NEW YORK — RIFKIN PACTS TRIO: After Adam Rifkin wrote “Mouse Hunt” and a draft of “Small Soldiers” that mobilized DreamWorks to move toward production, the studio has nabbed the scribe with a three-picture deal worth $3 million. Rifkin will direct the first of the three films he writes for DreamWorks. While he works on that deal, he’s also laboring to set up “The Accidental Killer,” one of the better-known Hollywood script treatments after the current Mondo Hollywood issue of Details magazine devoted 32 pages to it.

Rifkin’s William Morris agents Alan Gasmer and Joanne Wiles is shopping “The Accidental Killer,” about a failed actor who becomes famous as a murderer. “Killing gives him the confidence he lacked and he becomes a star, leaving the killing behind — until he’s asked to play the killer in a movie and plays the role too well,” said Rifkin.

Rifkin said they’re still deciding on the first DreamWorks project, but that he will direct it and produce with manager Brad Wyman under their newly formed Blump Intl. banner. The second script is “Rock Stars Don’t Take Finals,” the story of two medical school students whose plan to study all night for a big test goes awry when they bandage a rock superstar and are essentially kidnapped by the grateful patient. He’ll write it with Steve Bing.

“Several years ago, we had the same experience, when Sam Kinison and his maniacal entourage took a liking to us and wouldn’t let us escape,” he said. “We had to run across the Burbank airfield to escape his private plane bound for Ohio for a concert he was late for.”

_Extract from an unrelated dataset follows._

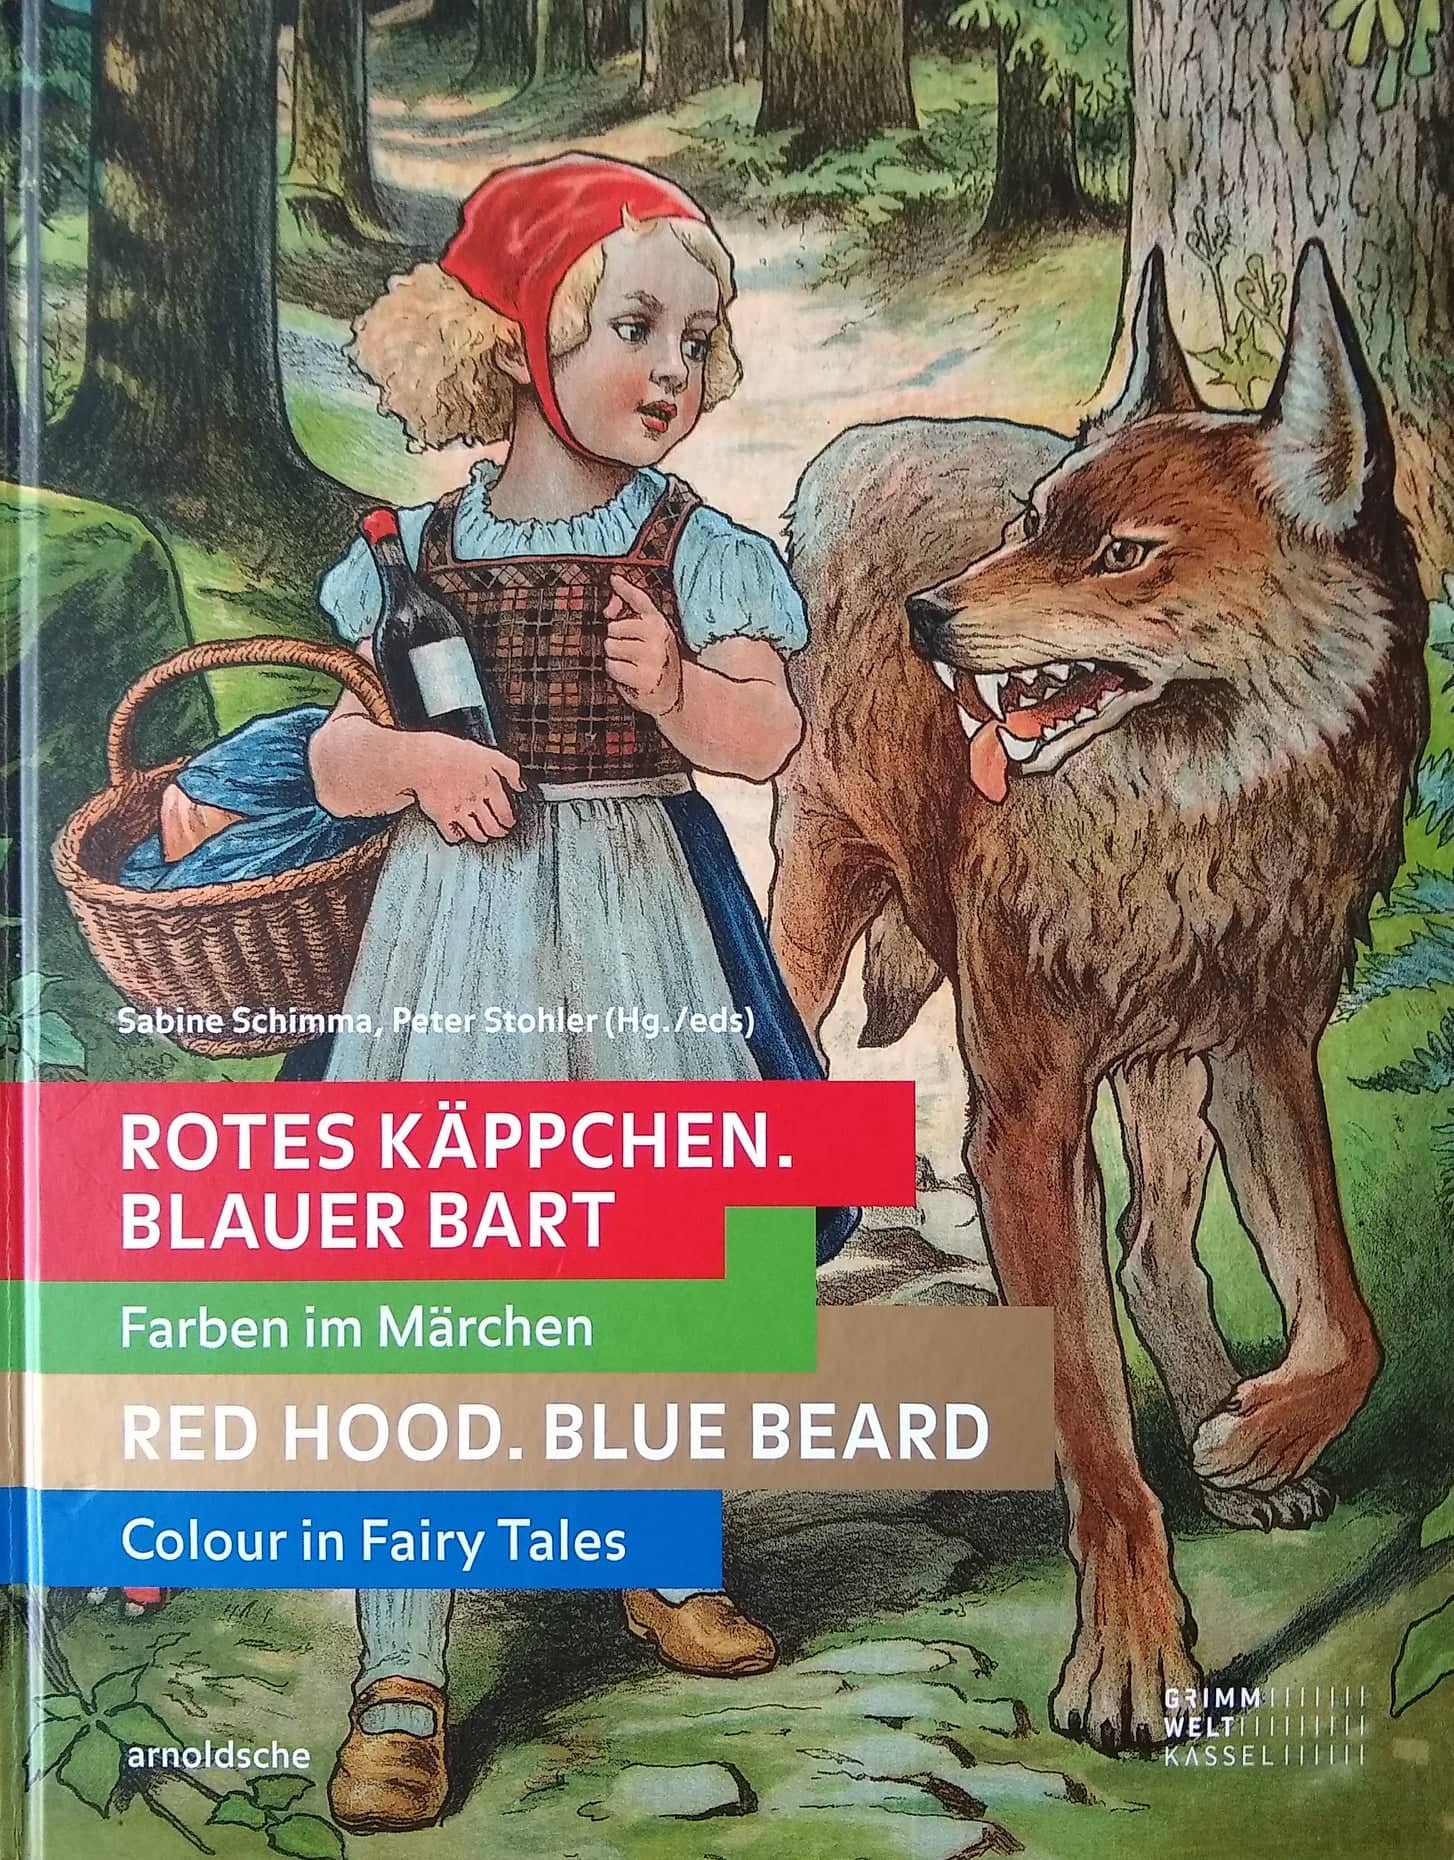 Red Hood Blue Beard Colour in Fairytale

The third will be closest in spirit to “Mouse Hunt.” “A bad guy wants to take over the world, using the minds of children tainted through eating a hypnotic breakfast cereal,” he said. “The kids turn against their parents and the cereal is so addictive that soon everybody’s under its spell. In my version of ‘The Seven Samurai,’ the only seven who can undo this are Tony the Tiger, Toucan Sam, Captain Crunch, the Lucky Charms Leprechaun, the Trix Rabbit, Quisp and Sugar Bear.” Rifkin called it a cross between “Toy Story” and “Who Framed Roger Rabbit,” and promised cameos from Count Chocula and King Vitamin. “It’ll appeal to kids and the nostalgia of adults, just the way ‘Toy Story’ did by creating new characters mixed with the old brand-name toys.”

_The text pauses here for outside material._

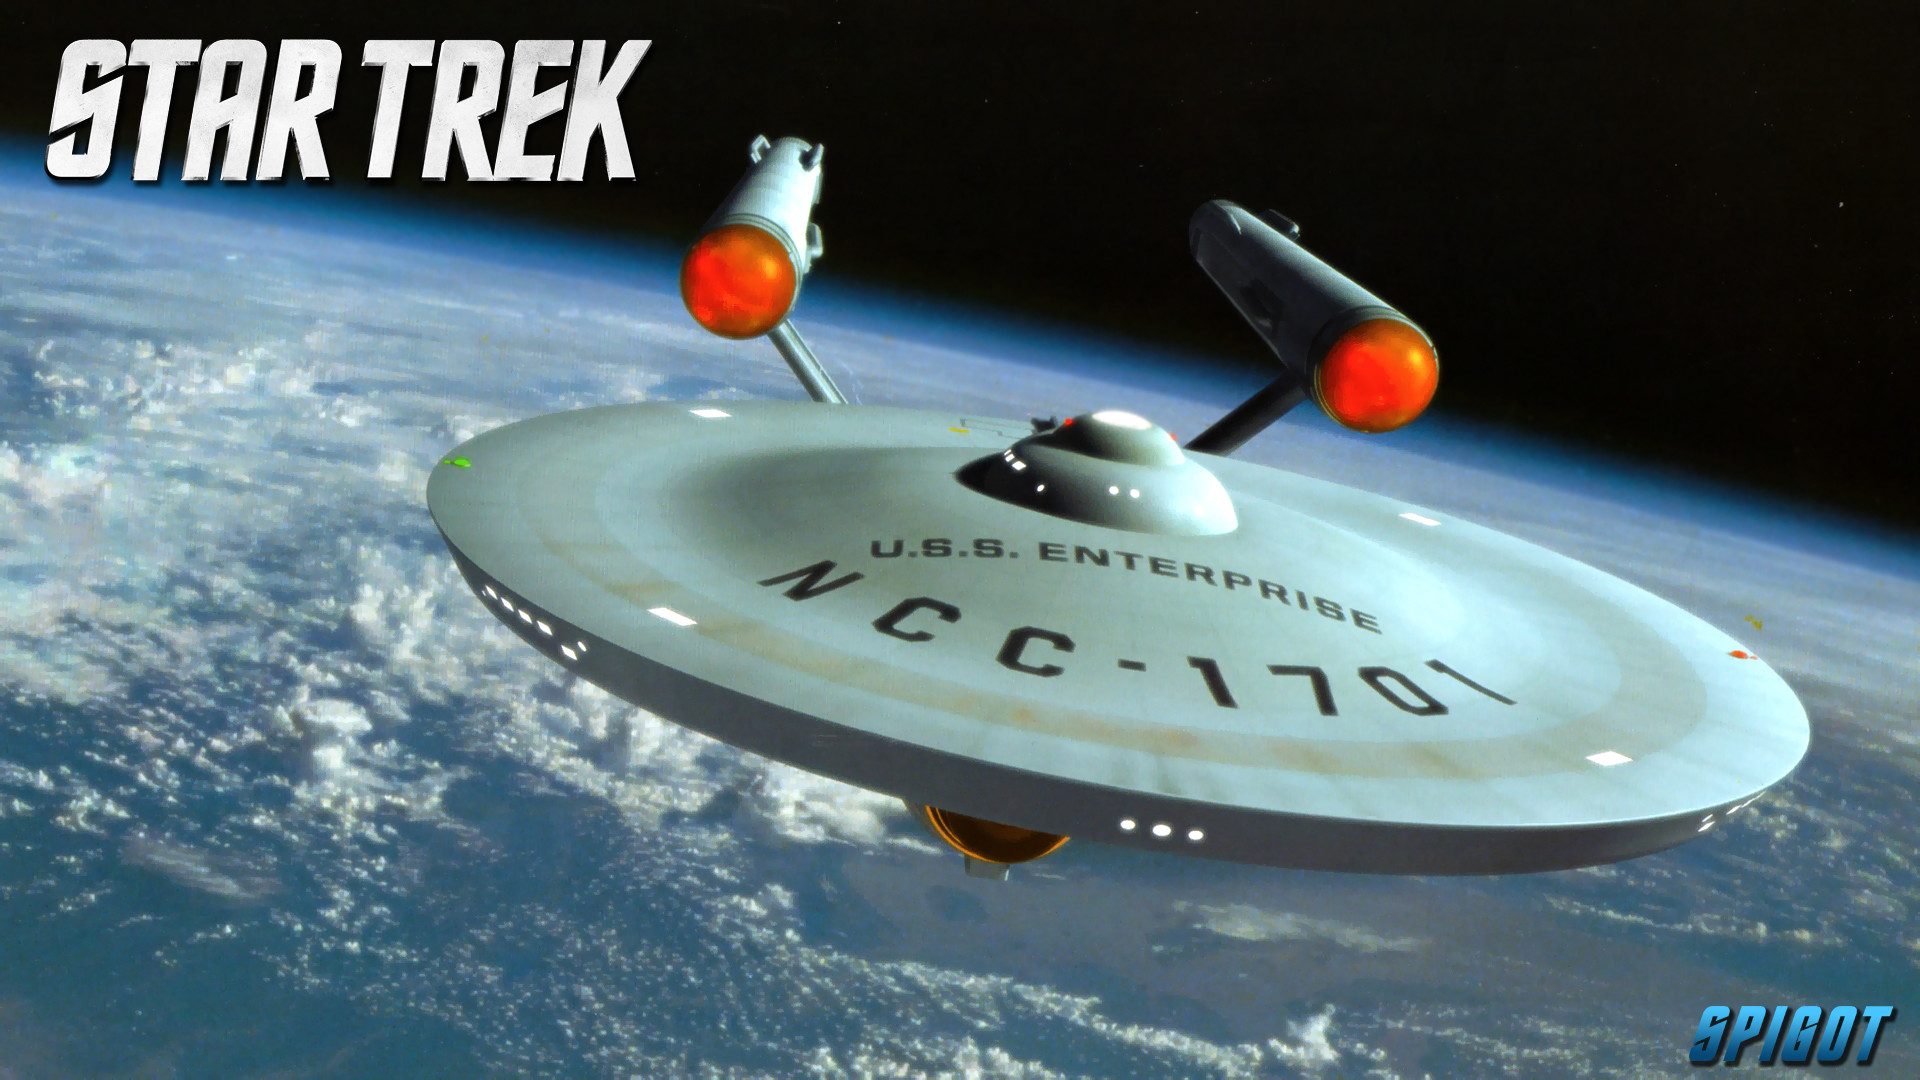 Star Trek Ships Wallpapers. June 8, 2012. Here …

WANG, BLUM PACT AT POLYGRAM: “Joy Luck Club” director Wayne Wang has sparked to Howard Blum’s Vanity Fair article “Dragon Fire.” Wang’s set it up at Propaganda with producers Lawrence Turman and John Morrissey. The rights deal could be worth mid-six figures if the film’s produced.

The article’s about an undercover U.S. government operation that finds generals in mainland China are selling automatic weapons to youth gangs in the San Francisco area. Before the agents can pounce, the White House throws political blockades in their way.

For Blum, that makes three straight VF article sales. His article about the murder of heiress Helen Brach was optioned by Jerry Bruckheimer, and “Gold of Exodus,” Blum’s Simon & Schuster book that was just excerpted in Vanity Fair, is being scripted for Castle Rock, with Wolfgang Petersen attached. Blum’s deal was made by CAA’s Bob Bookman.

GALECKI’S HYPHENATE QUEST: The scripting success of Matt Damon and Ben Affleck’s “Good Will Hunting” is proving infectious. Johnny Galecki, who has graduated from “Roseanne” to teen roles in such films as “I Know What You Did Last Summer,” has set up “Snollygoster,” a college tale he wrote with Chris Kletzien. Bandeira Entertainment bought the script, which is fashioned as a star vehicle for Galecki. Shooting is expected to start this summer, with Kevin Duffy producing and Bandeira’s Beau Flynn and Stefan Simchowitz exec producing with Galecki’s manager, Booh Schut.

Galecki will next be seen opposite Christopher Walken and Denis Leary in “Suicide Kings” for Live Entertainment, and in Sony Picture Classics’ “The Opposite of Sex” with Christina Ricci and Lisa Kudrow. UTA’s Charlie Ferraro and attorney Steve Warren repped the writers.